_PROBLEM STATEMENT_
Leave out the pictures and reproduce all of the data exactly.

_DATA EXCERPT_
____________

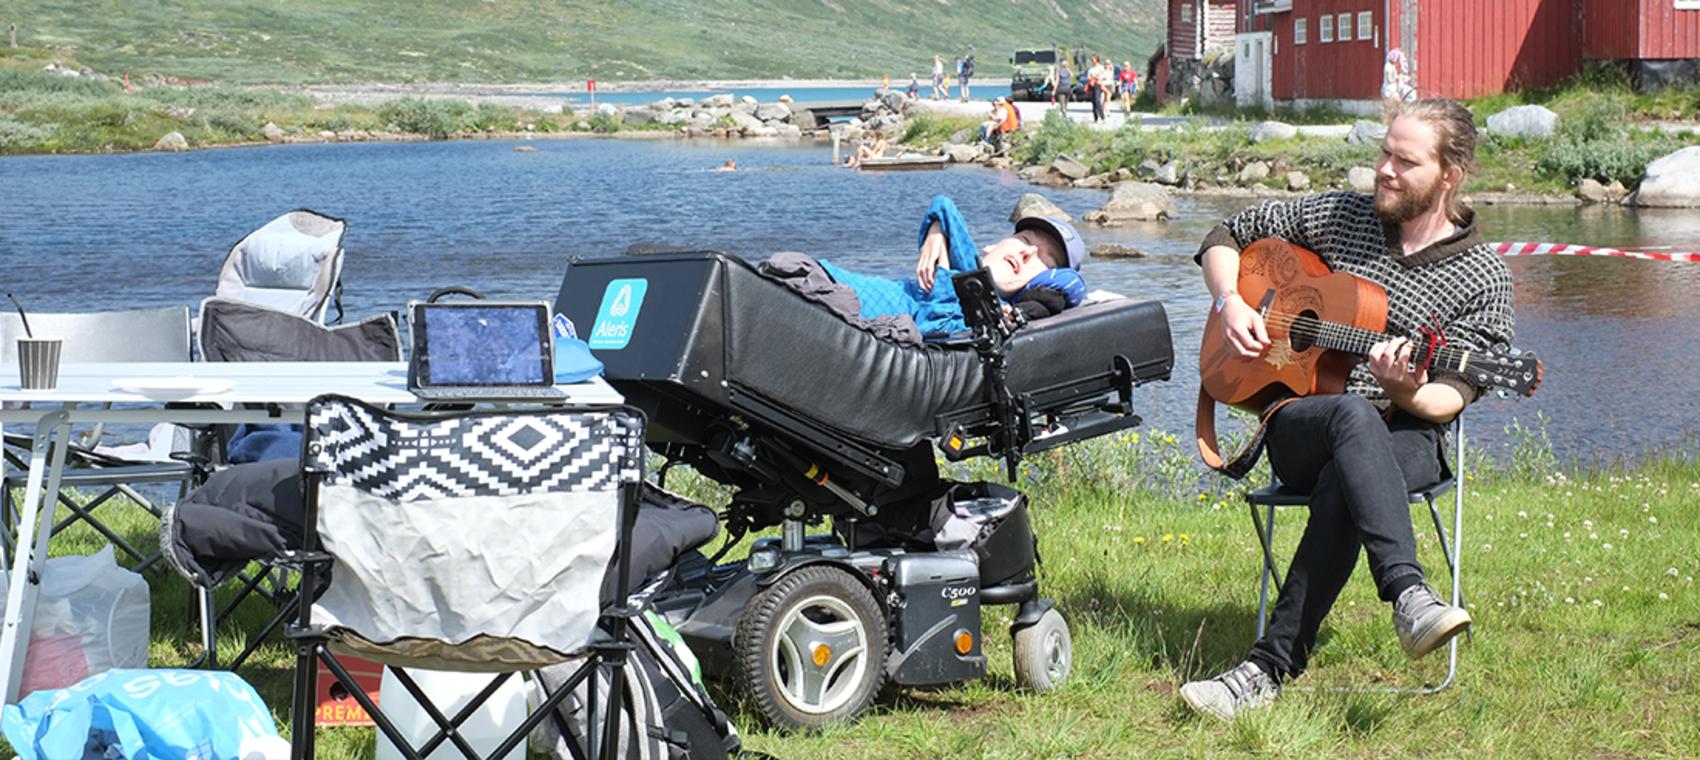 Assistenten fra Stendi spiller for mann i rullestol
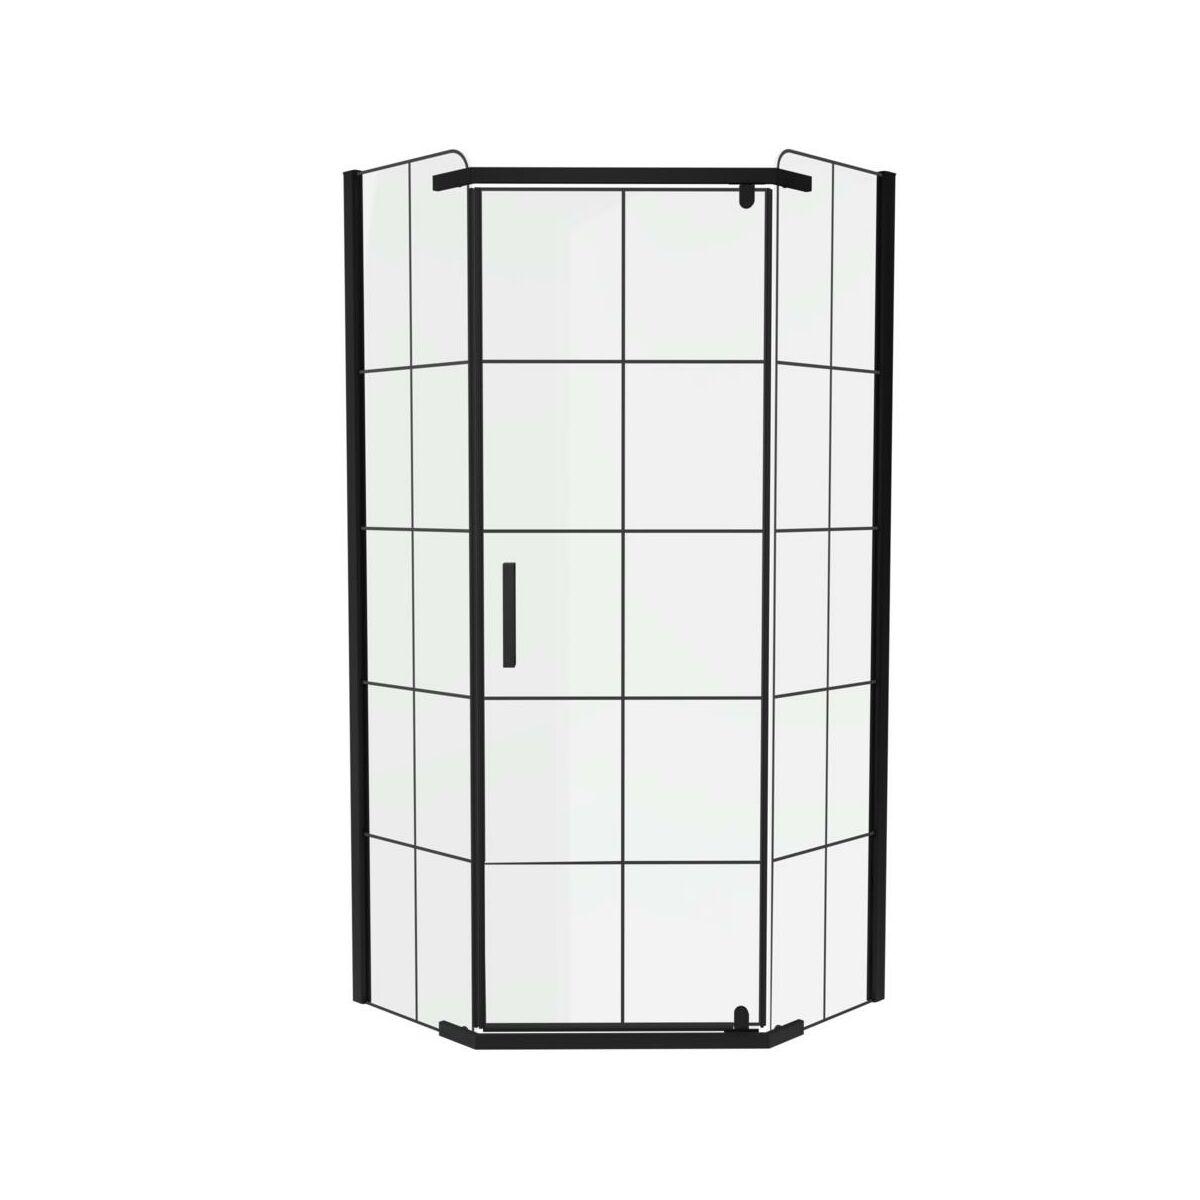 Kabina Prysznicowa Perfetto 90 X 90 Cm Wellneo Kabiny Prysznicowe W Atrakcyjnej Cenie W Sklepach Leroy Merlin
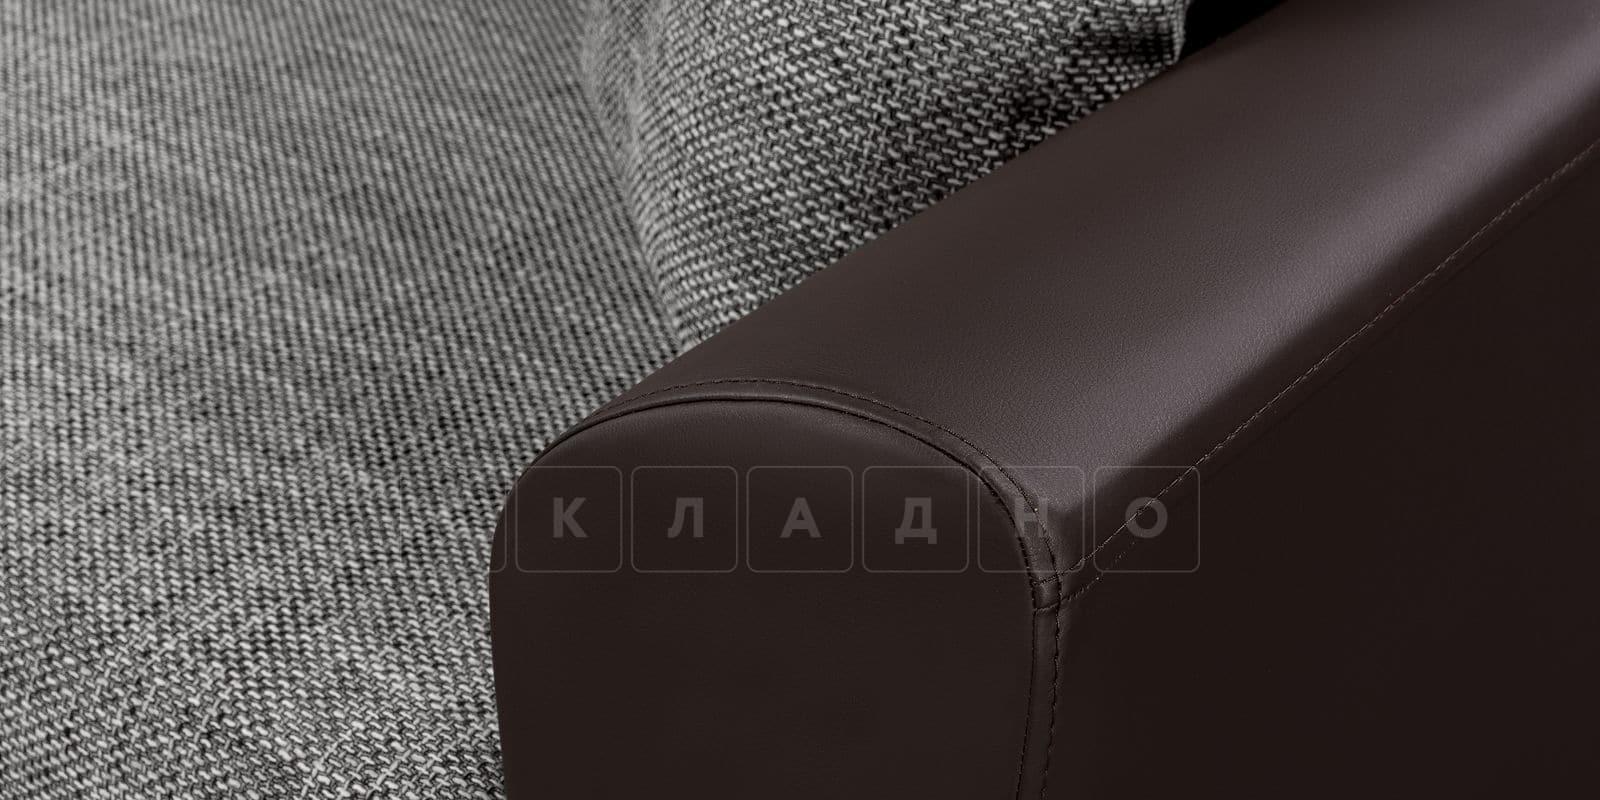 Диван прямой Амстердам кожаный с рогожкой серый фото 7 | интернет-магазин Складно

____________

_YOUR SOLUTION_
 Assistenten fra Stendi spiller for mann i rullestol
 Kabina Prysznicowa Perfetto 90 X 90 Cm Wellneo Kabiny Prysznicowe W Atrakcyjnej Cenie W Sklepach Leroy Merlin
 Диван прямой Амстердам кожаный с рогожкой серый фото 7 | интернет-магазин Складно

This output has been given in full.